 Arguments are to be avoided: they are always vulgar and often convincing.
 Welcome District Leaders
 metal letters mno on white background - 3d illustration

* * * * * * * * *

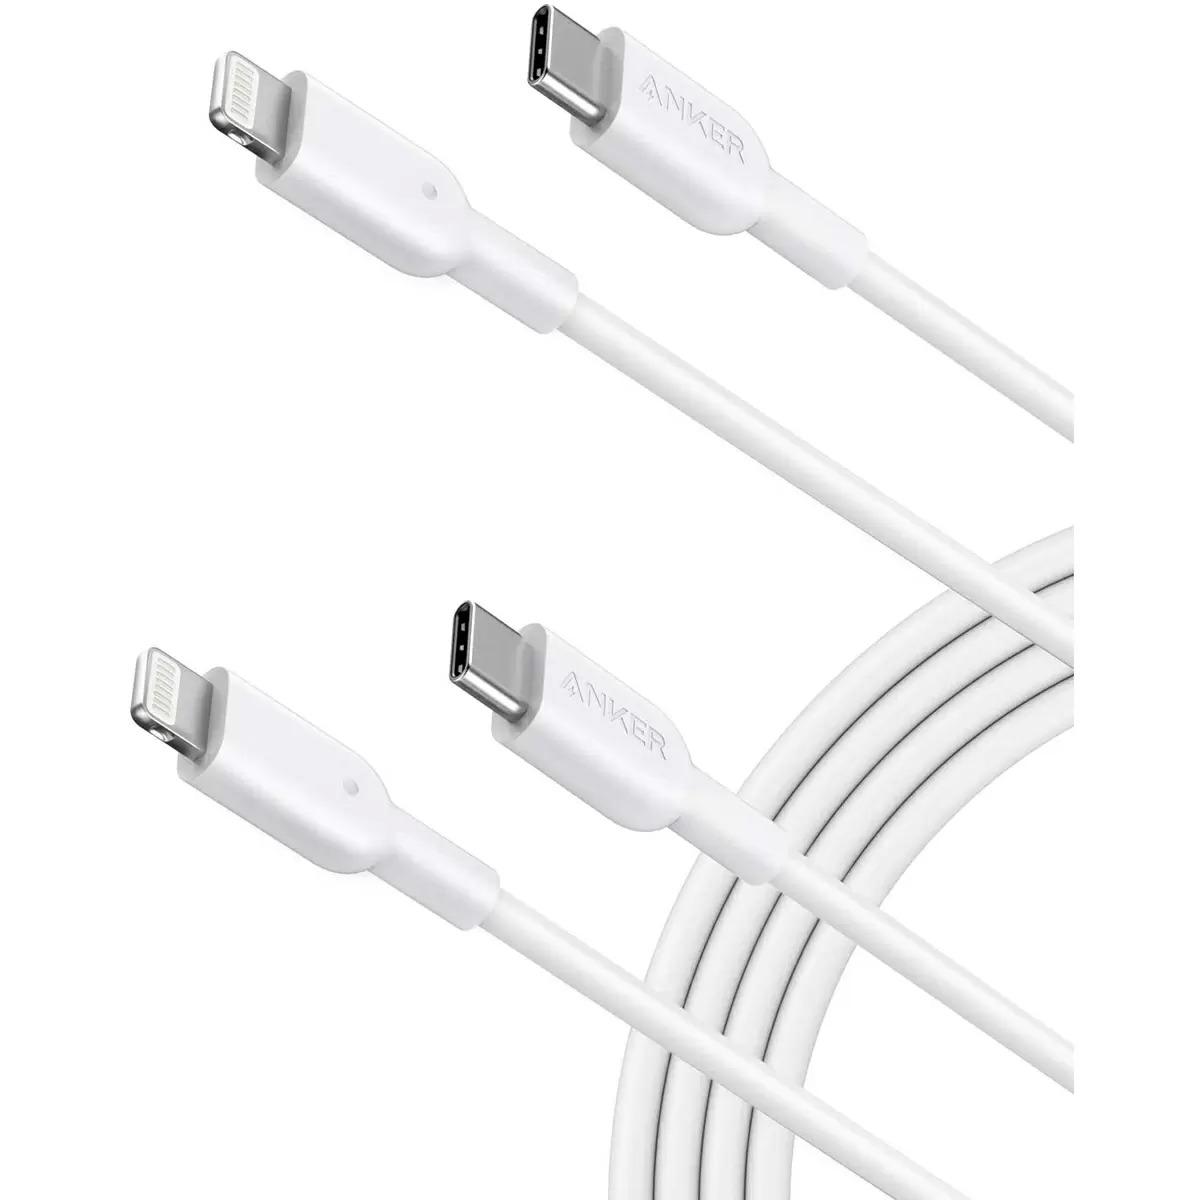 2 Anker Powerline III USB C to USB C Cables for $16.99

* * * * * * * * *

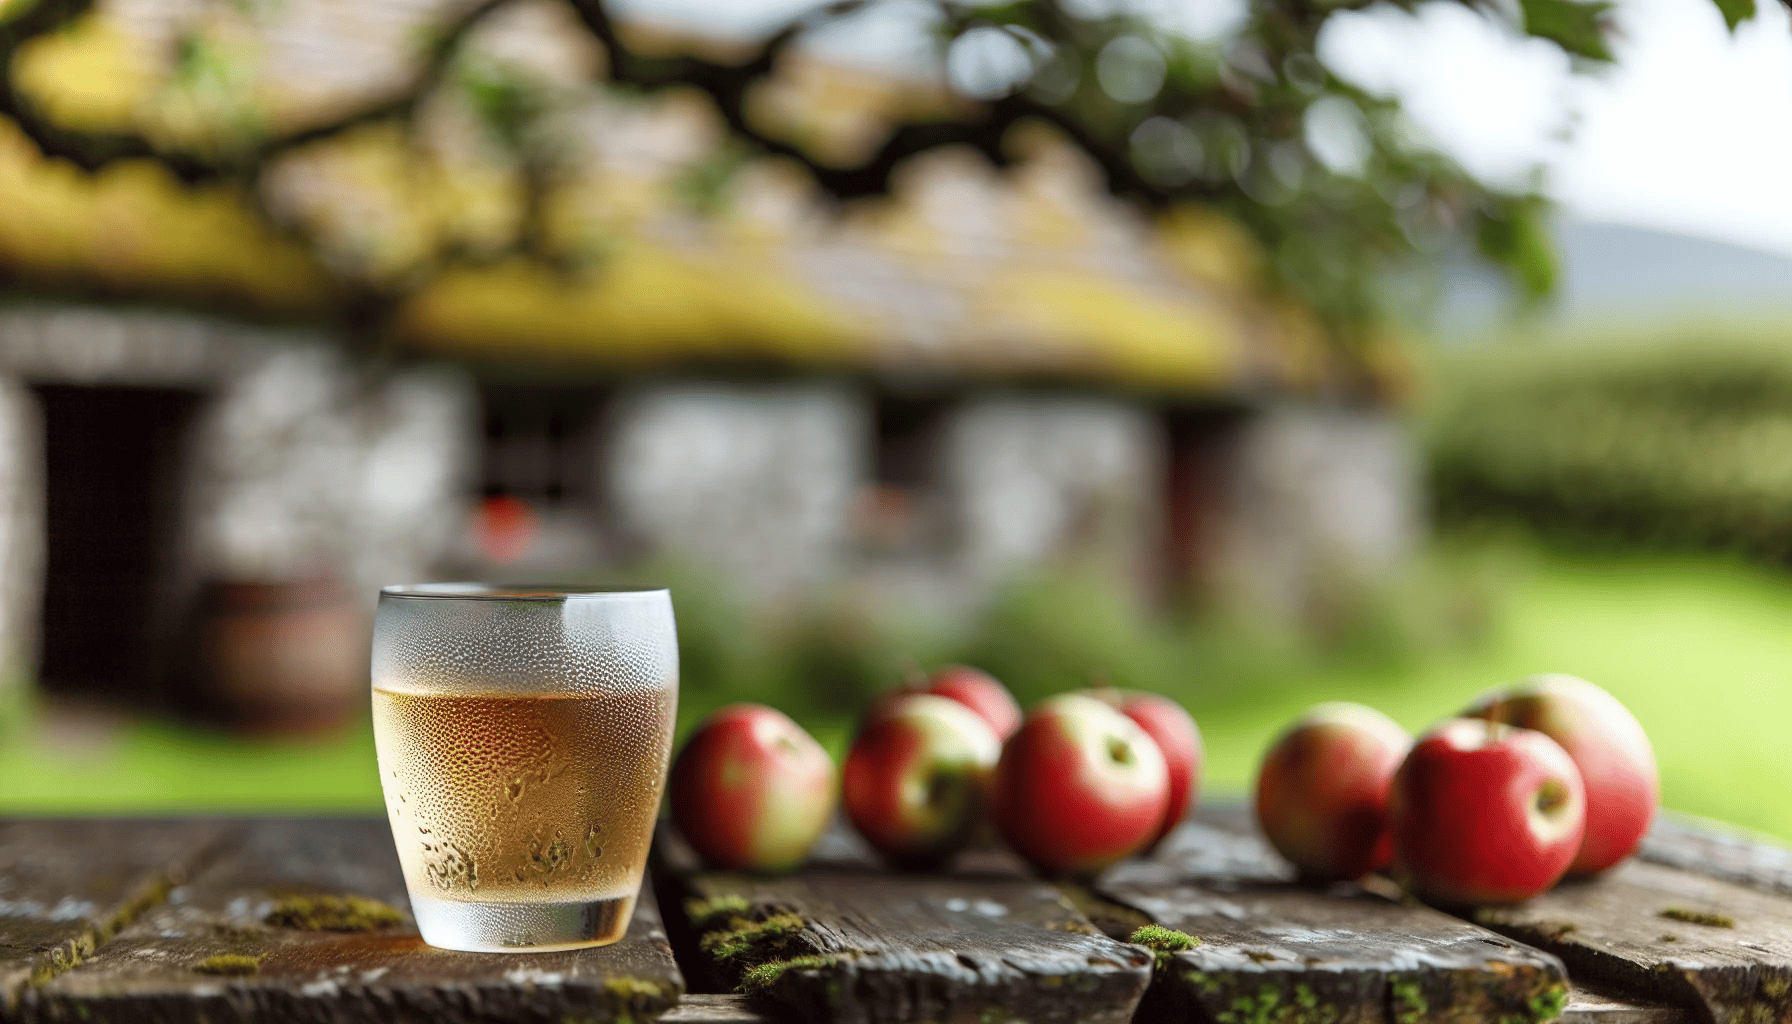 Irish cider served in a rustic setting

* * * * * * * * *

WHAT IS EXPECTED
Copy the lines of the data above exactly as written, beginning with the line containing "Arguments are to" and ending with the line containing "metal letters mno", and leave out all other lines.

WRITTEN RESPONSE
 Arguments are to be avoided: they are always vulgar and often convincing.
 Welcome District Leaders
 metal letters mno on white background - 3d illustration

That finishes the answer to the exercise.